How to become a property owner sooner

become a property owner sooner

By Tina Howes, Mortgage & Finance Advisor – SmartMove

Aside from having a steady and reliable income source, the single biggest factor that impacts on your ability to enter the property market is the ability to save a deposit.

Saving money is not an easy task. It requires having vision and setting goals and foregoing short-term gain for long-term gain and making sacrifices.

I often get asked how you can reach that goal of owning a home sooner. There’s lots of tips out there on how to save – such as bringing lunch from home; having one less coffee; saying no to smashed avo on toast; not using credit or after pay to name but a few.

Those are all great suggestions but to me the single biggest thing anyone can do to help them save and get closer to their financial goals is to create a financial budget.

Even if you don’t stick to it – the process of creating one is paramount.

A budget is essentially having a list of all your income and expenses

There are many tools out there to create a budget, such as the ATO website, or some of the banks have budget tools or even an app that keeps track of your spending.

It doesn’t need to be fancy – you can create your own with a simple excel spreadsheet. Regardless of the tool you use, the fundamentals are the same:

  • Work out all your sources of income. After tax. After HECS, and Medicare levy. How much cash you receive each pay.
  • Expenses. Go through three months’ worth of bank statements (six months is even better) and add up how much you spent on each item.
  • There will be other expenses that are less frequent such as car rego and some insurances. List all of these.
  • I like to look at monthly income versus expenses. Depending on the period you are looking – if these are quarterly expenses you will need to divide into three. If annual, then divide into 12.
  • Divide these into essentials and discretionary. Essentials are things like food, insurance, transport, health. Discretionary are items such as eating out, holidays, and hobbies.
  • Once you have an extensive list of everything you currently spend money on, the fun starts. You will be able to see whether your income is sufficient to cover your current expenses. Is there enough room in there for you to: put aside money for a holiday, put aside money for unplanned expenditure such as the car breaking down or needing a new fridge?
  • Once you have factored in all these likely expense items, is there a surplus that will enable you to put money aside towards buying a home?

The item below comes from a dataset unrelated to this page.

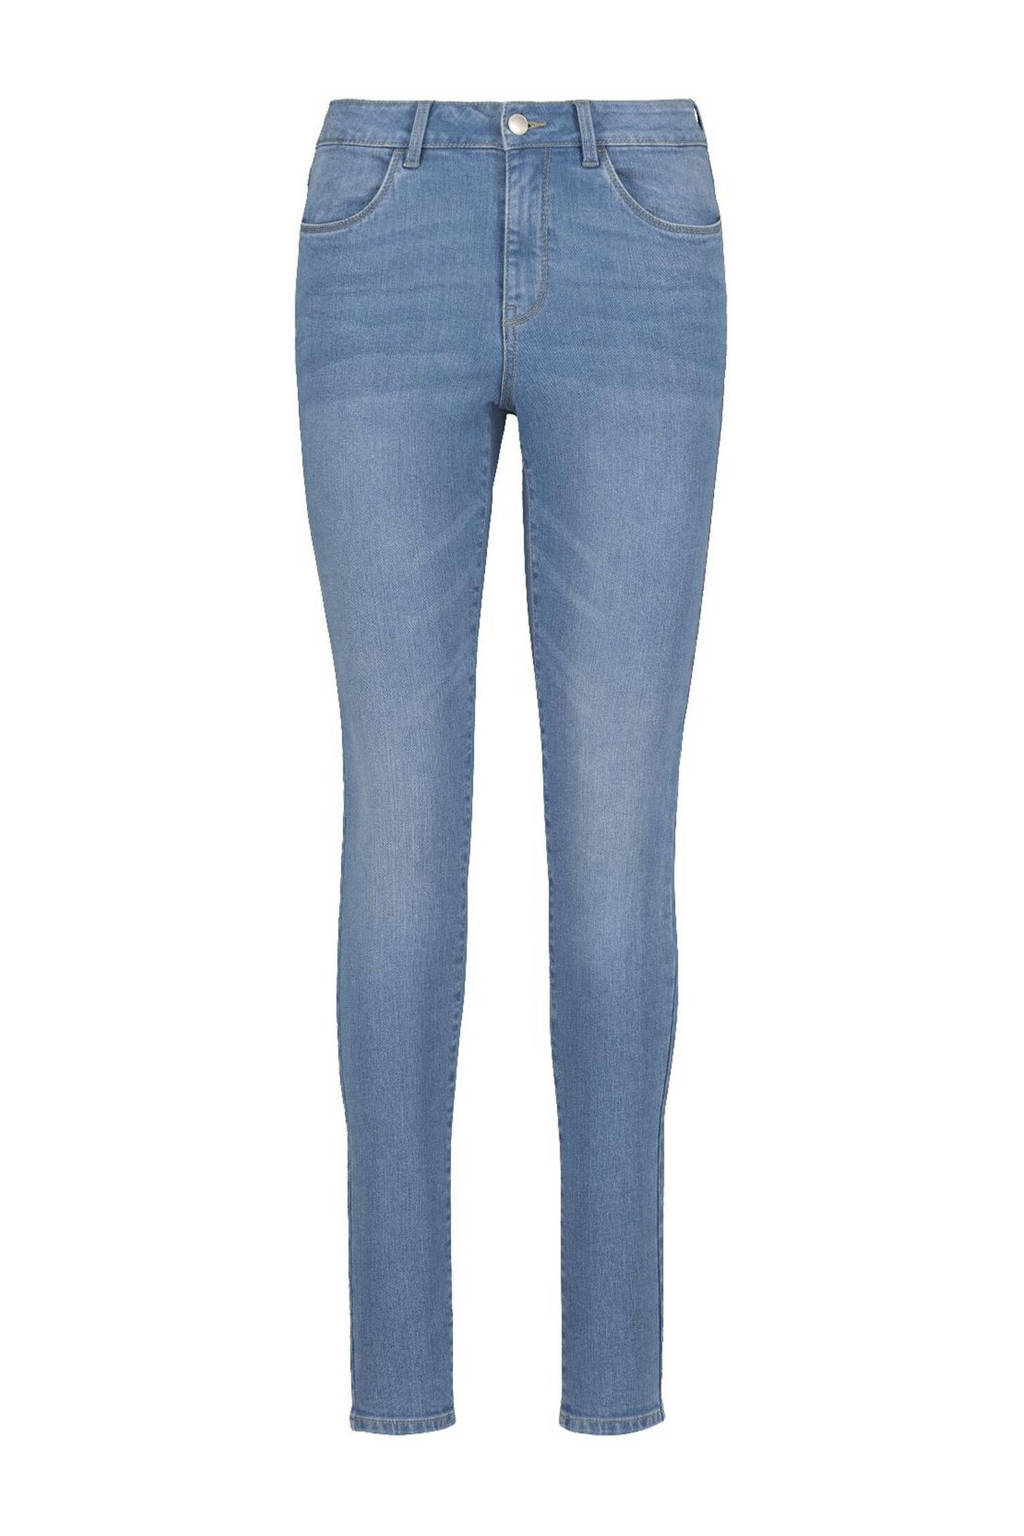 HEMA skinny jeans blauw, Blauw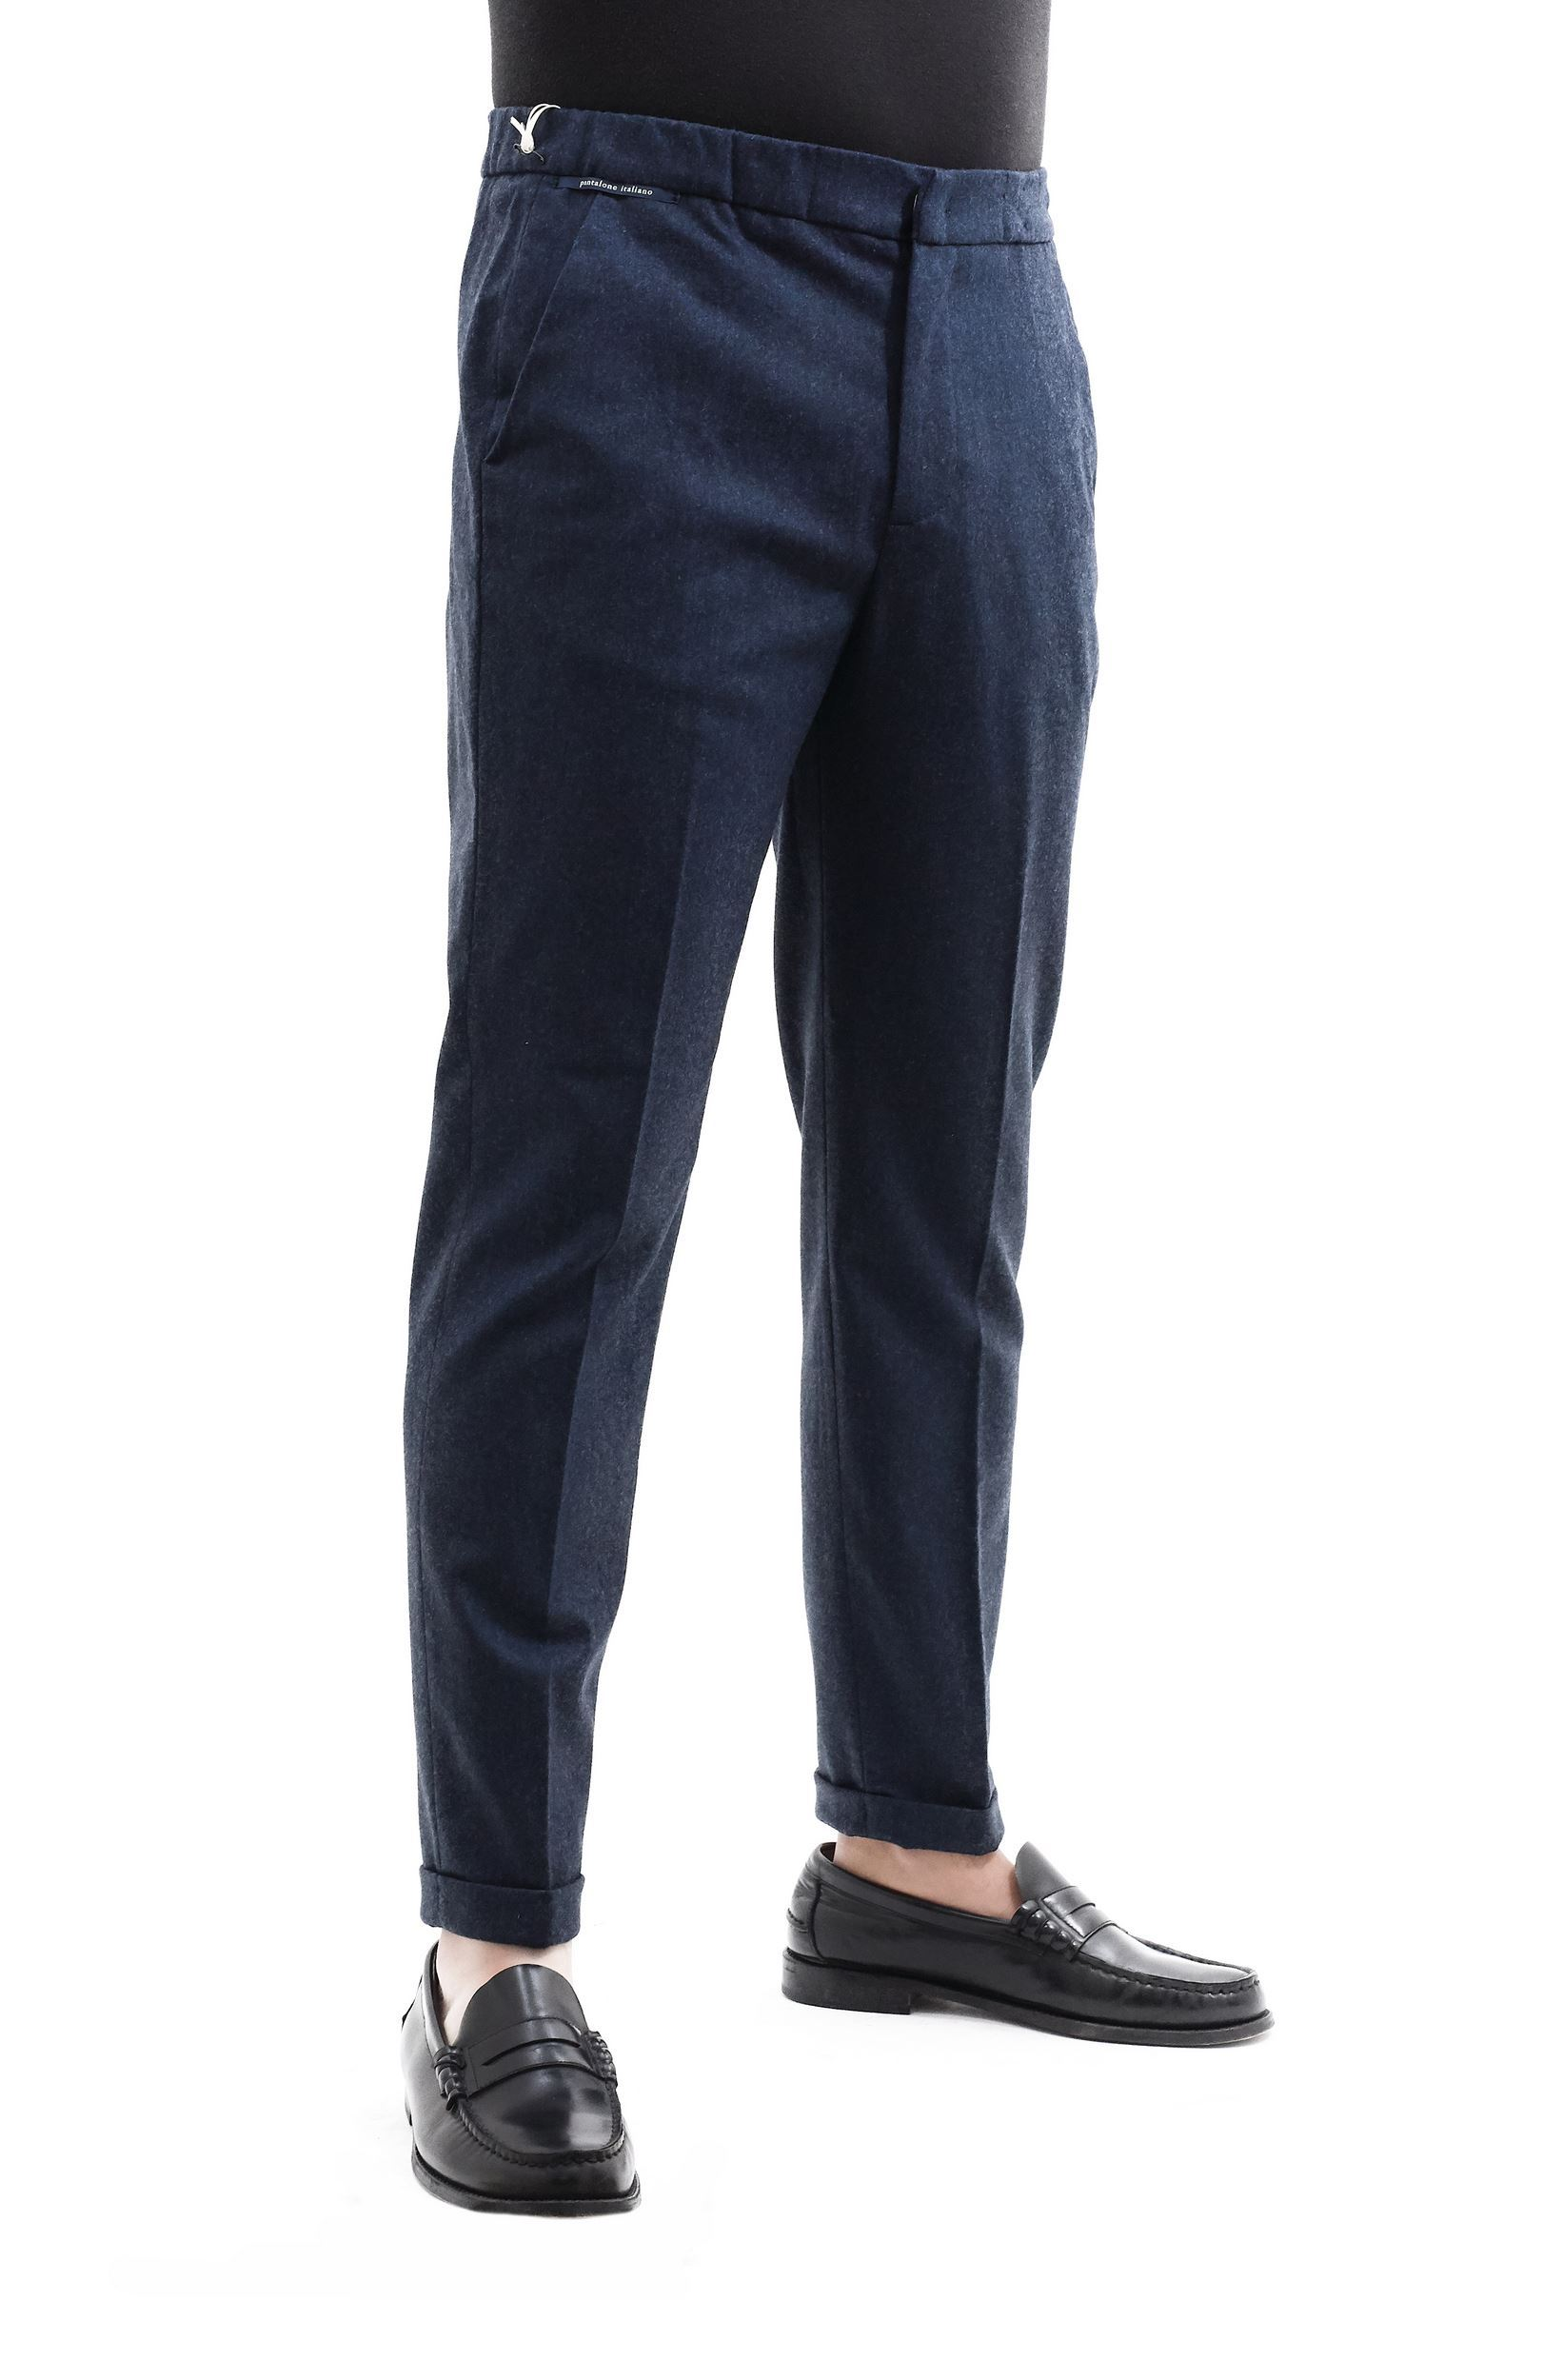 Immagine di Pantalone lana blu con coulisse

If so – how much is that surplus? Based on this surplus, how long will it take you to save up a deposit for a home?
  • Next up is the critical assessment – if you are in a surplus, what can you cut back on? How can you increase your savings, and reduce the time it will take to save?
  • If you are in a deficit – this means you are living beyond your means. You will either need to find ways to increase your income OR cut back on your expenses.
  • Some easy ways to cut back are reducing eating out, subscriptions, holidays, clothes, hobbies, or rent. Can you live in a cheaper place, share accommodation, or move back home family? It’s not forever but with an end goal – the sacrifice is worth it.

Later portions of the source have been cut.